Мандельштам неотделим от старого Петербурга. Там он родился, вырос, там стал поэтом. Многие не рождаются поэтами, а ими становятся. А Мандельштам родился поэтом. Никем другим он не мог стать.

Когда я познакомился с ним в 1913 году на одном из литературных вечеров, он сразу привлек мое внимание. Не все поэты, даже большие, нас привлекают. Но стихи, которые он тогда читал, производили впечатление. Как поэта я полюбил его сразу, но к общению с ним как с человеком меня не влекло. Первое время отпугивала его замкнутость. Мне казалось тогда, что он рисуется недоступностью. Не обладая привлекательной наружностью и хорошо сознавая это, он входил в салоны с высоко поднятой головой, как бы желая показать, что ему безразлично, какое впечатление он производит на публику. Он нес в аудиторию не свою красоту, а стихи, затмевая все внешние красоты и красивости, выделялся своеобразной манерой читать даже среди таких поэтов, как Николай Гумилев и Анна Ахматова.

Но публика никогда не состоит из одних ценителей прекрасного в поэзии, и чем ниже культура отдельных слушателей, тем больше внимания они обращали на его оттопыренные уши и карикатурно вздернутую голову.

Он не был салонным поэтом, очаровывающим публику прежде всего обаятельной улыбкой, а уже потом стихами, но пользовался успехом. Его стихи как бы отстраняли на второй план автора, говорили сами за себя.

Как поэт Мандельштам мне понятен и ясен с первых встреч в Петербурге. Как человека я узнал его ближе в 1919 году в Харькове, Киеве и в Москве – в тридцатые годы, когда бывал у него дома. Осип Эмильевич был простым, веселым, доброжелательным и удивительно обаятельным. Он любил острить, балагурить. А когда бывал в особо хорошем настроении – напоминал расшалившегося ребенка.

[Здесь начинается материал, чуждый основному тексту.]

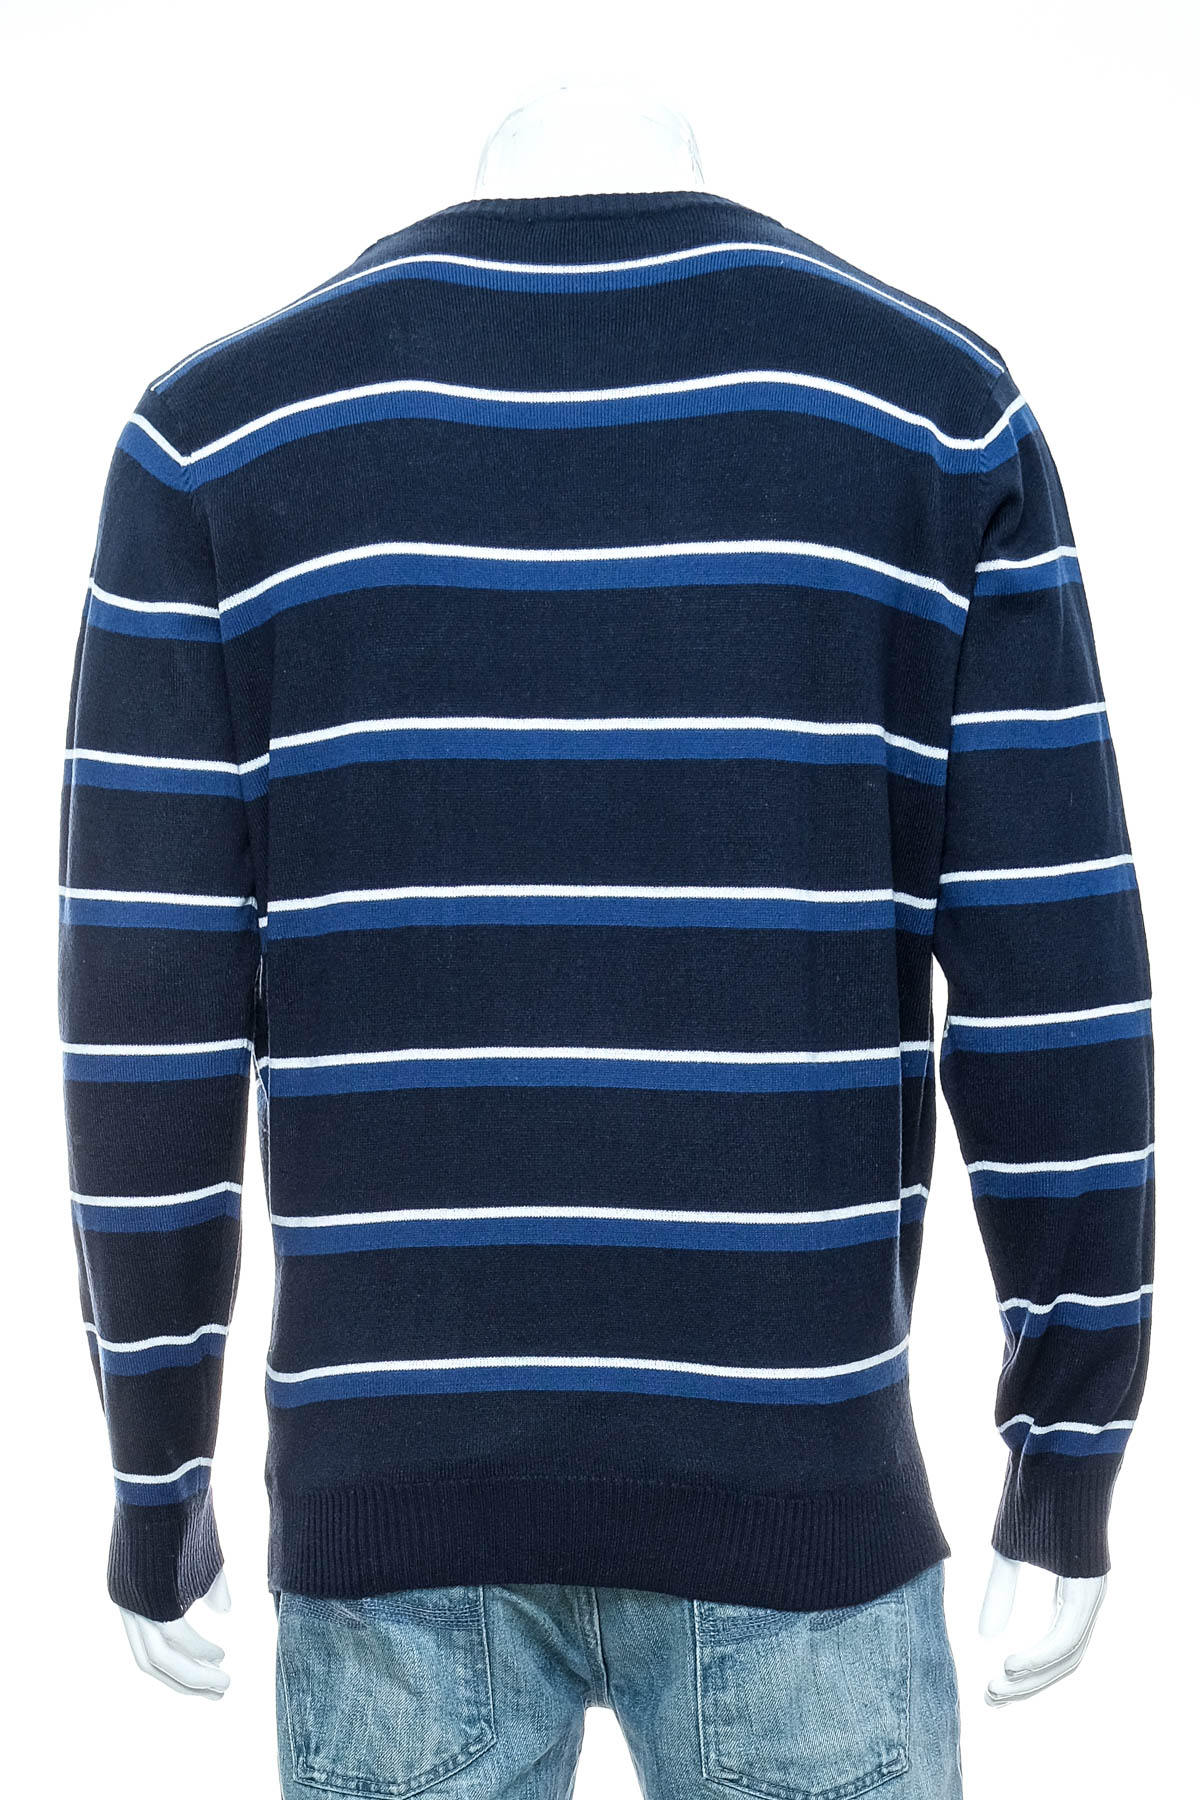 Men's sweater - Identic - 1

В нем не было и тени надменности, высокомерия и той глупой напыщенности, которая свойственна бездарностям и дуракам, случайно занявшим высокое положение. К людям этого рода он был беспощаден. Даже небольшой штрих пошлости или ходульности вызывал в нем брезгливую усмешку. Все фальшивое, неестественное, претенциозное отталкивало его и отвращало. Он был очень скуп на улыбки и ласковые слова, но тем сильнее и теплее воспринимались они, ибо становилось ясно, что это не призывная манера общения, как это часто бывает у хорошо воспитанных людей, а нечто более весомое, идущее из глубины души.

Жизнь Мандельштама складывалась так, что редко он мог спокойно работать и не думать о куске хлеба, но даже в самые черные дни не опускался до брюзжания. Когда судьба хватала его за горло, он волновался и негодовал. И гнев его всегда был великолепен.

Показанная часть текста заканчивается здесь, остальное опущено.